ImageGreat, thanks Shawn for your insights! I'll be sure to spread the word to avoid a content type pandemic.

So there you have it folks. As a general rule, less is more. Standardize, simplify and don't let your content types multiply needlessly. Your content contributors and SharePoint administrators will thank you.

 As an FYI I'd like to add the following regarding term store and managed metadata limits (repurposed from an article on Microsoft TechNet titled Capacity Management for SharePoint 2010)

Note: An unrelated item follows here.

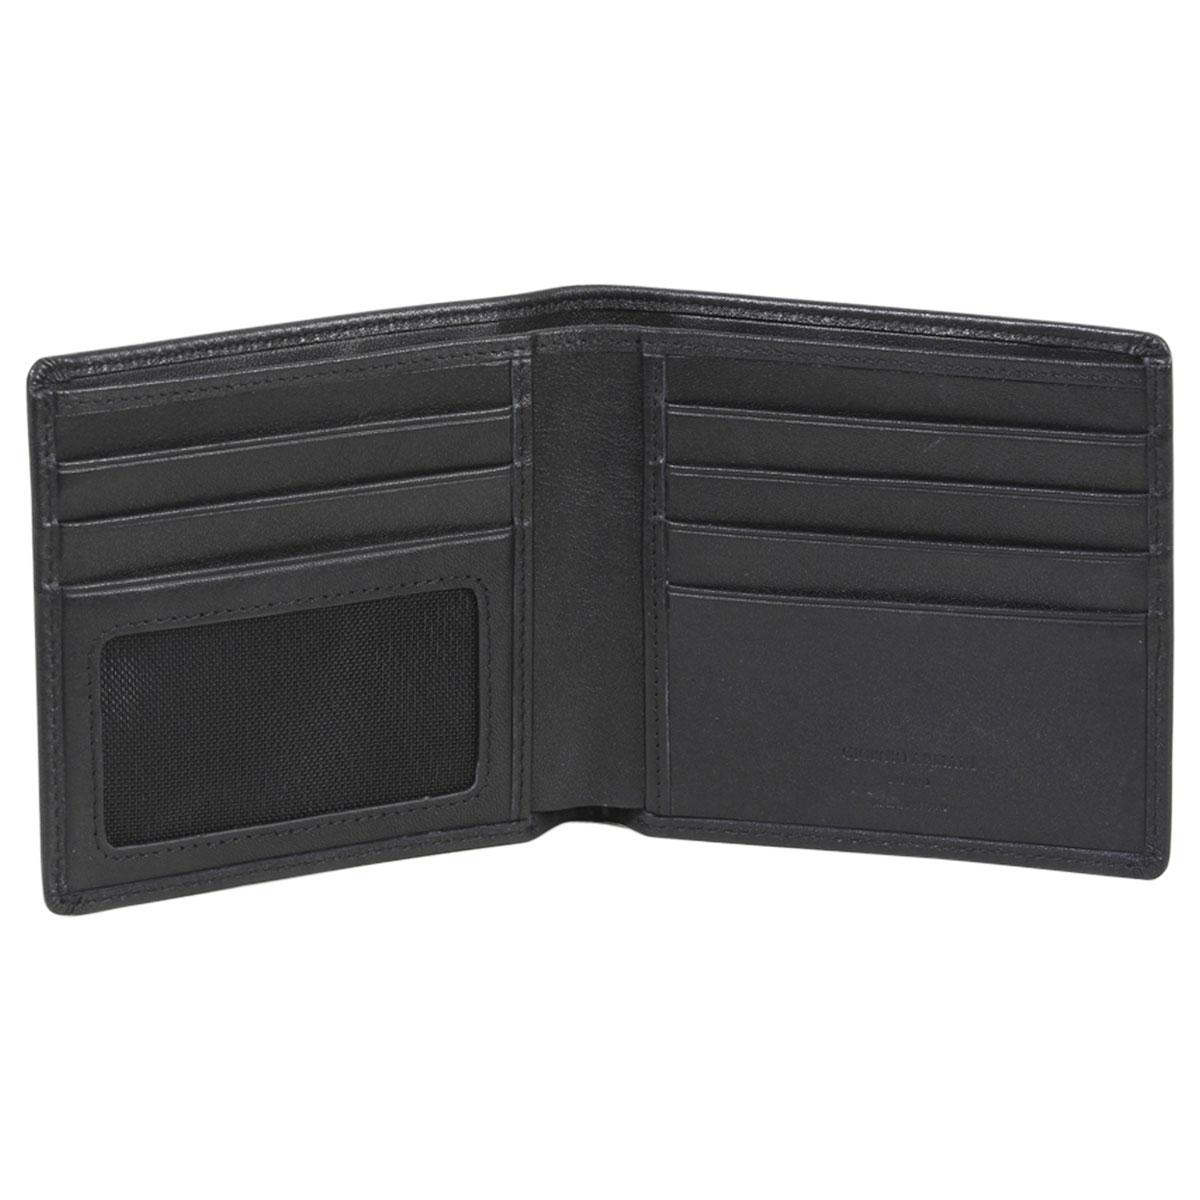 Giorgio Armani Men's Portafoglio Genuine Leather Bi-Fold Wallet ...

Limit / Restriction Maximum Number Comments
Maximum number of levels of nested terms in a term store 7 Terms in a term set can be represented hierarchically.  A term set can have up to seven levels of terms (a parent term, and six levels of nesting below it.)
Maximum number of term sets in a term store 1000 You can have up to 1000 term sets in a term store.
Maximum number of terms in a term set 30,000 30,000 is the maximum number of terms in a term set. Additional labels for the same term, such as synonyms and translations, do not count as separate terms.

 

Total number of items in a term store 1,000,000 An item is either a term or a term set. The sum of the number of terms and term sets cannot exceed 1,000,000. Additional labels for the same term, such as synonyms and translations, do not count as separate terms. You cannot have both the maximum number of term sets and the maximum number of terms simultaneously in a term store.